Solution – Start -> Only String Storage -> NO -> Access in Sequence -> NO -> Access by Index (only) -> NO -> Access by Key (only) -> NO -> Access by Key or Index or both -> YES -> Default Sorting needed -> YES and the right collection is SortedList<TKey, TValue>. Similar technique can be applied for any situation.
Now, We will explore more all categories and respective collections
Category #1: Storing Strings only
1.1: StringCollection –
Namespace – System.Collections.Specialized
Basic characteristics –
- Only string ca be added to this collection
- It allows duplicates values to be inserted.
- We can store NULL values as well.
- String comparisons are case sensitive.
- Values can also be accessed by zero based indexing.
- Values are stored in the order of insertion.
Code Example –
public static void LearnStringCollection()
{
Console.WriteLine("From LearnStringCollection Method");
System.Collections.Specialized.StringCollection strCollection
= new System.Collections.Specialized.StringCollection();
String[] arString = new String[] { "ATUL", "THERAN" };
strCollection.AddRange(arString);
strCollection.Add("atul"); //Adding same in another case
strCollection.Add("THERAN"); //Adding duplicate
foreach (var item in strCollection)
{
Console.WriteLine(item);
}
for (int i = 0; i < strCollection.Count; i++)
{
Console.WriteLine($"Value at index # {i} is {strCollection[i]}");
}
}
OUTPUT
Read more on MSDN
1.2: StringDictionary
Namespace – System.Collections.Specialized
Basic Characteristics
- Key implements the hash table.
- Stores only string values in Key Value pair.
- Key can’t be null or duplicate while value can be duplicate.
- It may have one key as String.Empty or “”.
- Key is case insensitive and stored in lower case.
- Values are not shown in the order they are stored, while they are shown in the order of the hashed value of the key. (See the example)
Code Example –
public static void LearnStringDictionary()
{
Console.WriteLine("From LearnStringDictionary Method");
System.Collections.Specialized.StringDictionary strDict = new System.Collections.Specialized.StringDictionary();
strDict.Add("Title Case", "Atul");
strDict.Add("Lower Case", "atul");
strDict.Add(string.Empty, "ATUL");
foreach (System.Collections.DictionaryEntry item in strDict)
Console.WriteLine(" {0,-25} {1}", item.Key, item.Value);
}
Output –
Read more on MSDN
Category #2: Access in Sequence
2.1: Last in First Out (LIFO)
Stack – it comes with two version.

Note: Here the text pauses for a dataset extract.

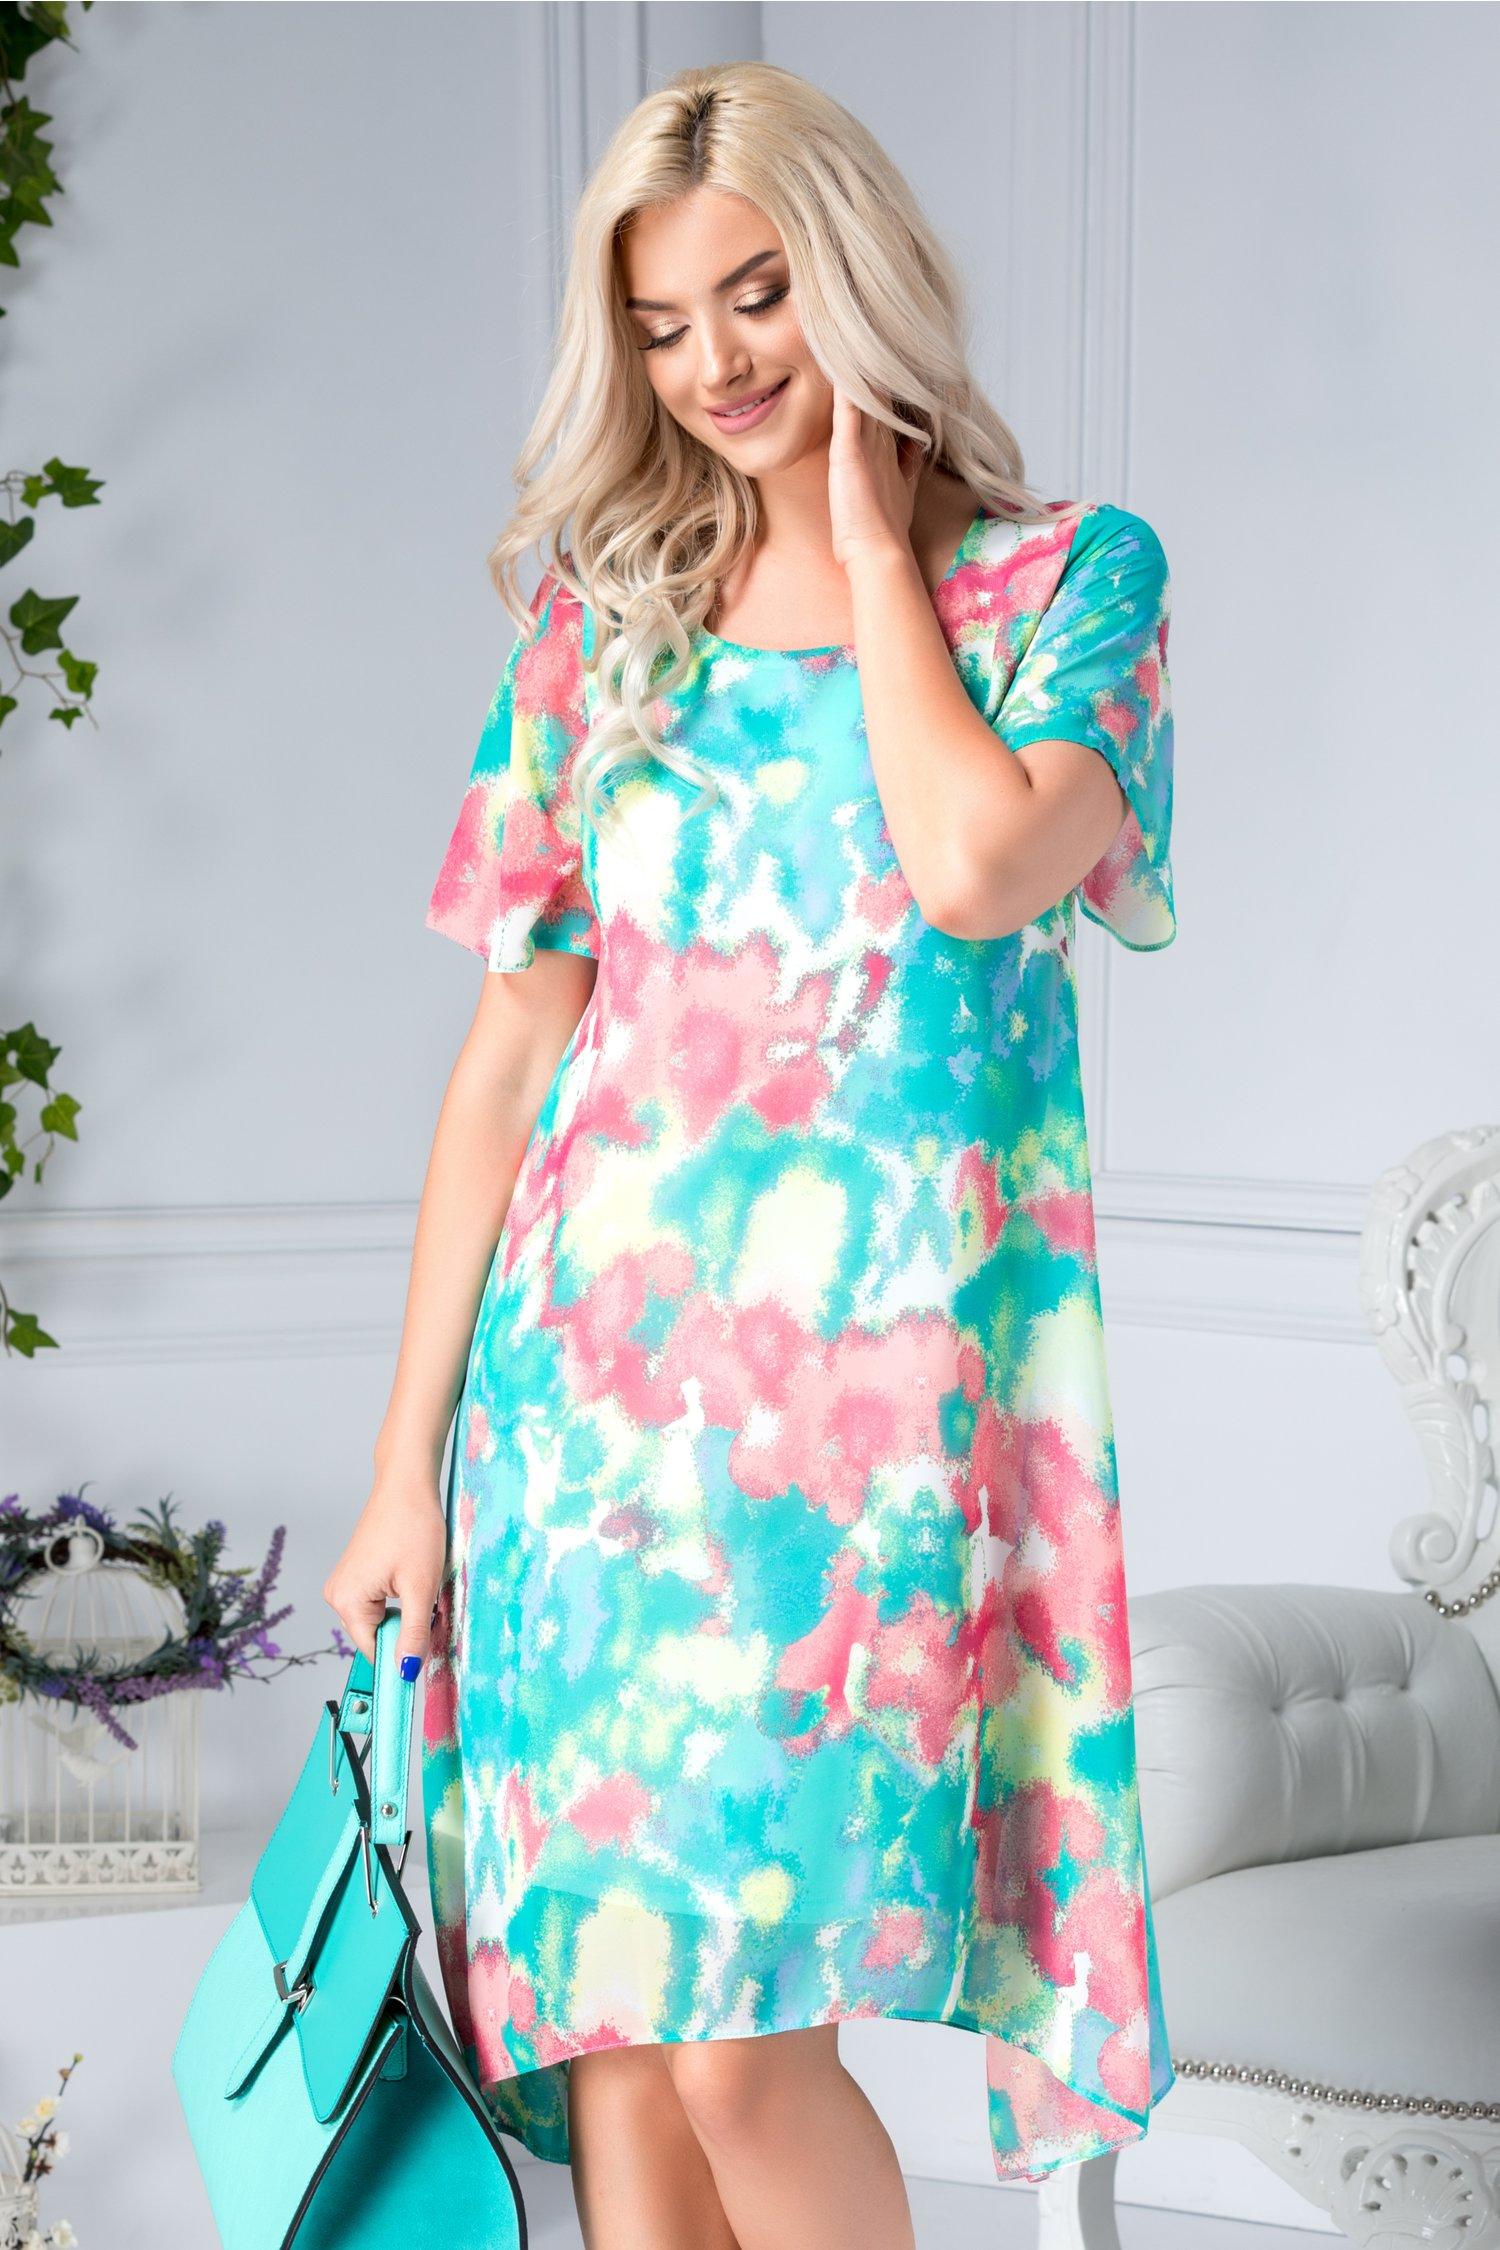 Rochie Monica conica bleumarin cu flori colorate

Stack class and Stack generic class
Namespace – System.Collections
Characteristics
- Basically, it has 3 main operations
- Push – adding a new item to Stack
- Pop – gets the newest item from the stack and delete it
- Peek – Next item to be deleted (For stack, this is the newest item added in the stack)
- Stack class adds all items in object type while Queue generic class becomes specific to the type specified in the declaration.
Code example
static void LearnStackCollection()
{
Console.WriteLine("from LearnStackCollection Method");
Stack<string> stack = new Stack<string>();
stack.Push("Atul"); // Adding first item
stack.Push("Kumar"); // Adding second item
stack.Push("Sharma"); // Adding third item
stack.Pop(); // Pop
Console.WriteLine($"Peek value ={stack.Peek()}"); //top most item but no delete
foreach (var item in stack)
{
Console.WriteLine(item.ToString());
}
}
Output
Read more on Stack and Generic Stack
2.2: First in First Out (FIFO)
Queue – it comes in two version. Queue class and Queue generic class
Namespace – System.Collections
Characteristics
- Basically, it has 3 main operations
- Enqueue – adding a new item to queue
- Dequeue – gets the oldest item from the queue and delete it
- Peek – Next item to be deleted (For Queue, it is the oldest item at the moment)
- Queue class adds all items in object type while Queue generic class becomes specific to the type specified in declaration.
Code example
static void LearnQueueCollection()
{
Console.WriteLine("from LearnQueueCollection Method");
Queue<string> queue = new Queue<string>();
queue.Enqueue("Atul"); // Adding first item
queue.Enqueue("Kumar"); //Adding second item
queue.Enqueue("Sharma"); //Adding third item
queue.Dequeue(); // Dequeue and delete from the collection
Console.WriteLine($"Peek value ={queue.Peek()}"); //returns the old item but doesn't delete it
foreach (var item in queue)
{
Console.WriteLine(item.ToString());
}
}
Output
Read more on Queue and Generic Queue.
2.3: First to Last or Last to First
Linkedlist<T> – It represent the doubly linkedlist
Namespace System.Collections.Generic
Characteristics
- LinkedList<T> accepts null as a valid Value property for reference types and allows duplicate values
- It is doubly LinkedList so all nodes will have next and previous.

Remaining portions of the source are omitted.